FINANCIAL AND OPERATIONAL RESULTS
|(Cdn$000s except per boe and per share||Three Months Ended
|amounts)||December 31, 2014||December 31, 2013||December 31,2014||December 31, 2013|
|Average daily production (boe/d)||8,844||664||5,899||800|
|Oil and gas sales ($/boe)||65.98||52.64||80.76||53.88|
|Realized hedging gain (loss) ($/boe)||4.34||0.38||(4.08||)||0.56|
|Net realized oil and gas sales ($/boe)||70.32||53.02||76.68||54.44|
|Production costs ($/boe)(1)||19.23||10.71||19.27||13.04|
|Operating netback ($/boe)(3)||39.99||33.41||43.80||32.41|
|Funds flow from operations(3)(4)||29,823||884||85,793||6,925|
|per share – basic||0.11||0.03||0.40||0.38|
|per share – diluted||0.10||0.03||0.36||0.38|
|Net income (loss)||1,855||(1,718||)||24,335||(1,767||)|
|per share – basic||0.01||(0.07||)||0.11||(0.10||)|
|per share – diluted||0.01||(0.07||)||0.10||(0.10||)|
|Net debt (surplus)(3)||86,343||(18,887||)||86,343||(18,887||)|
|Weighted average shares outstanding|
(1) Including transportation costs.
(2) Royalties include Saskatchewan resource surcharge.
(3) Funds flow from operations, operating netback and net debt are non-IFRS measures.
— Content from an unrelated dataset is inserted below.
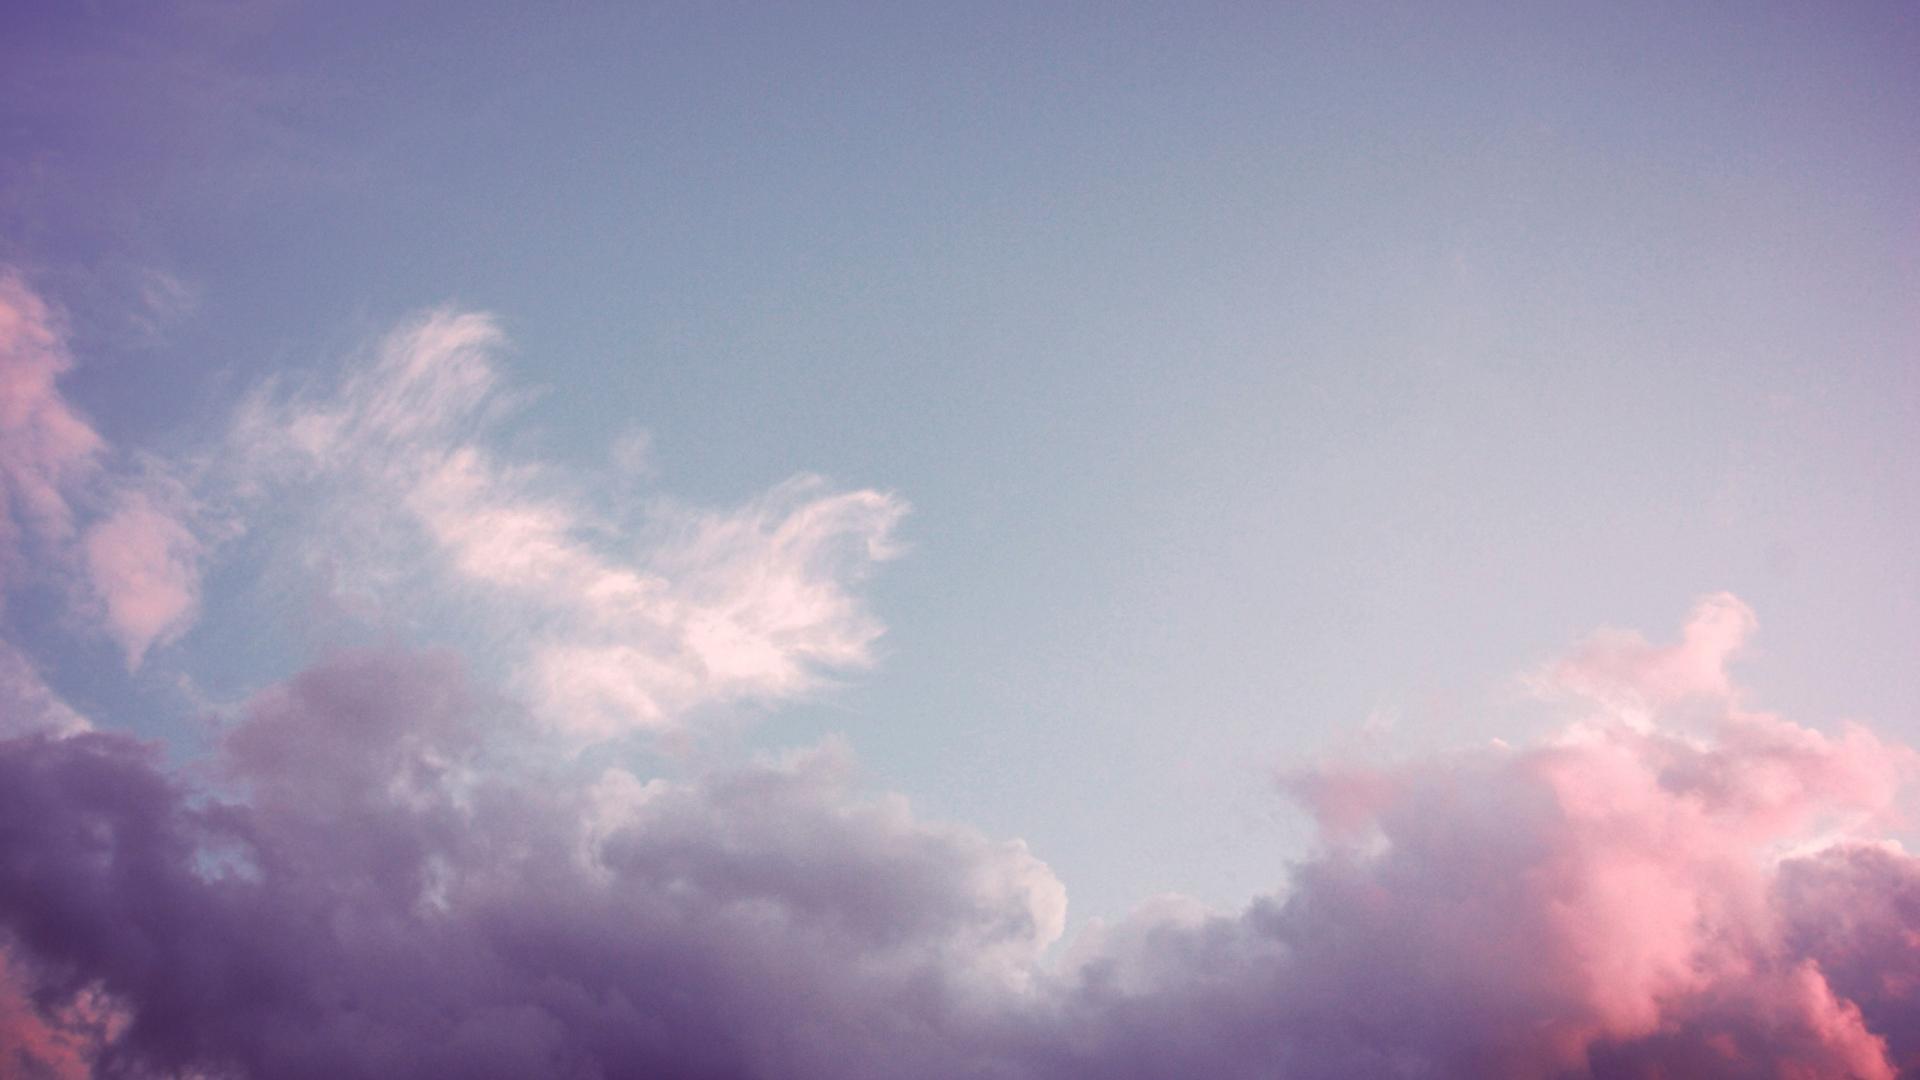 Free Download Download Sky Clouds Wallpaper Hd Wallpaper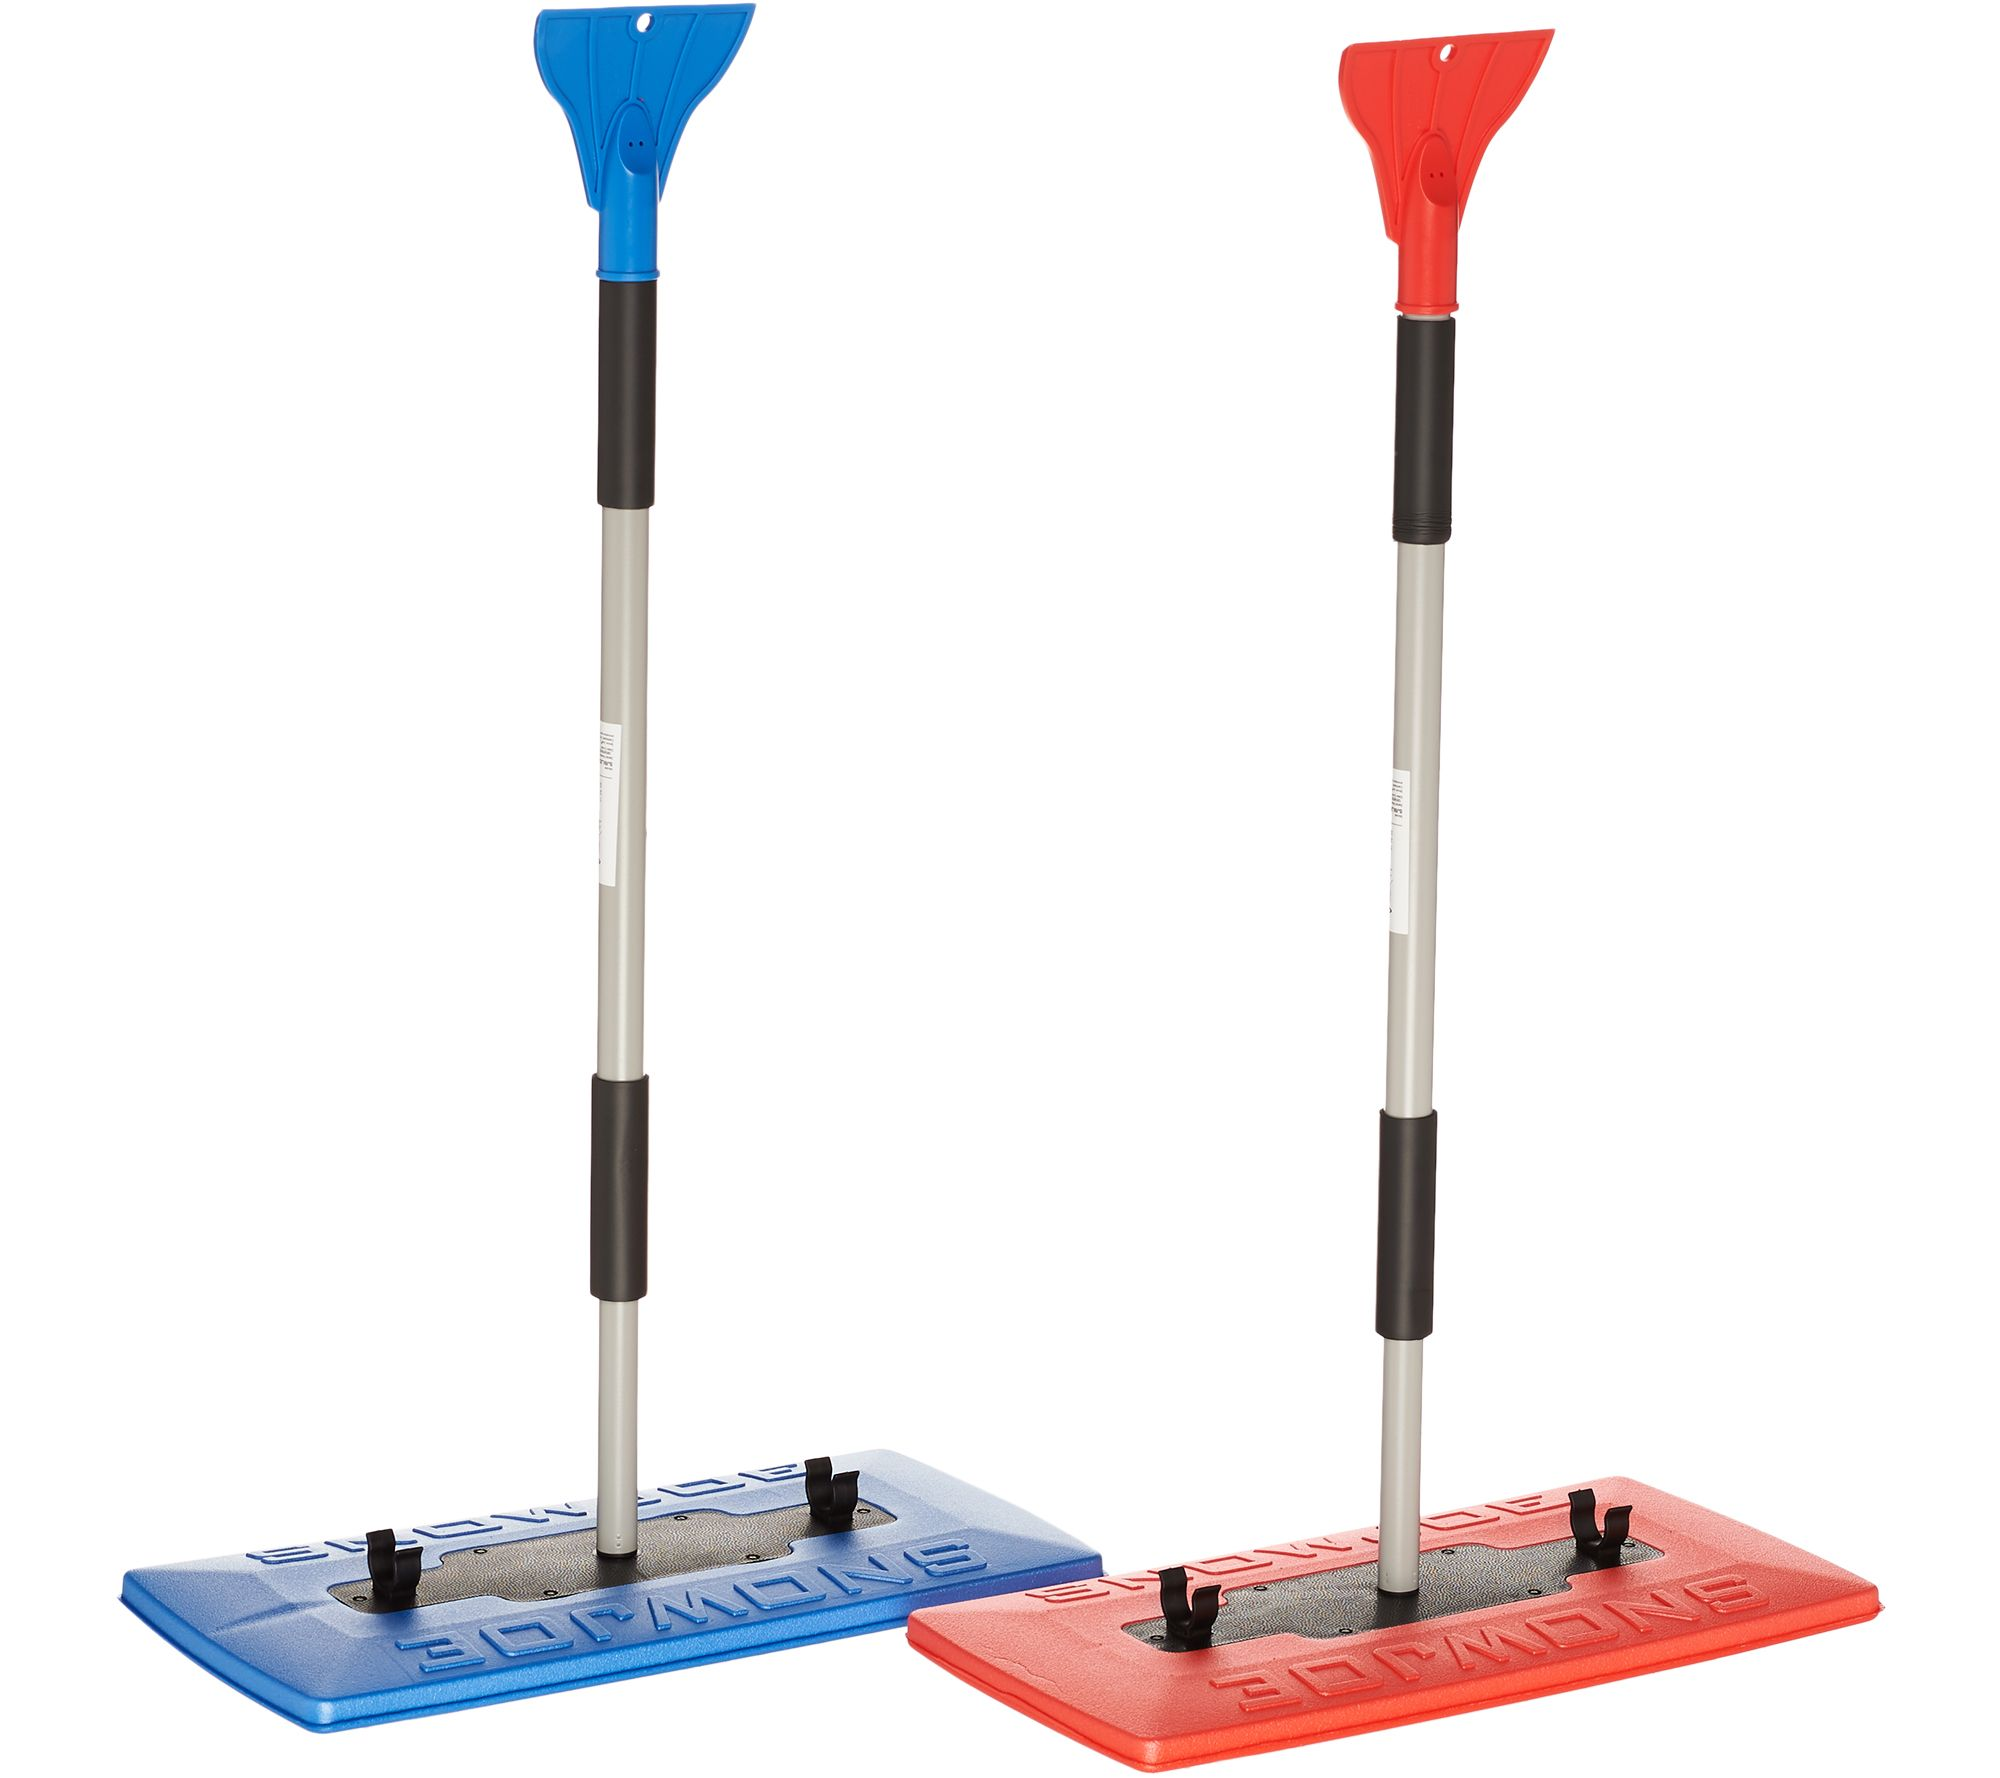 Snow Joe Set of 2 Oversized Snow Brooms w/ Ice Scrapers

See “Non-IFRS Measures”.
(4) Excluding transaction costs.
(5) Excluding acquisitions.
Since inception in late 2013, Spartan’s business strategy has been focused on acquiring and developing high quality assets which are capable of generating significant free cash flow over a reasonable period of time. Our approach to how we manage our business revolves around some simple ideas. First, and most importantly, acquire and control the best assets. The quality of the asset base drives the success of the business. Second, unbridled growth is not a sustainable business model. Declines are real (and often significant) and once on the treadmill, it is very hard to get off. Finally, be disciplined in the use of leverage. A strong balance sheet is an asset, in good times and in bad.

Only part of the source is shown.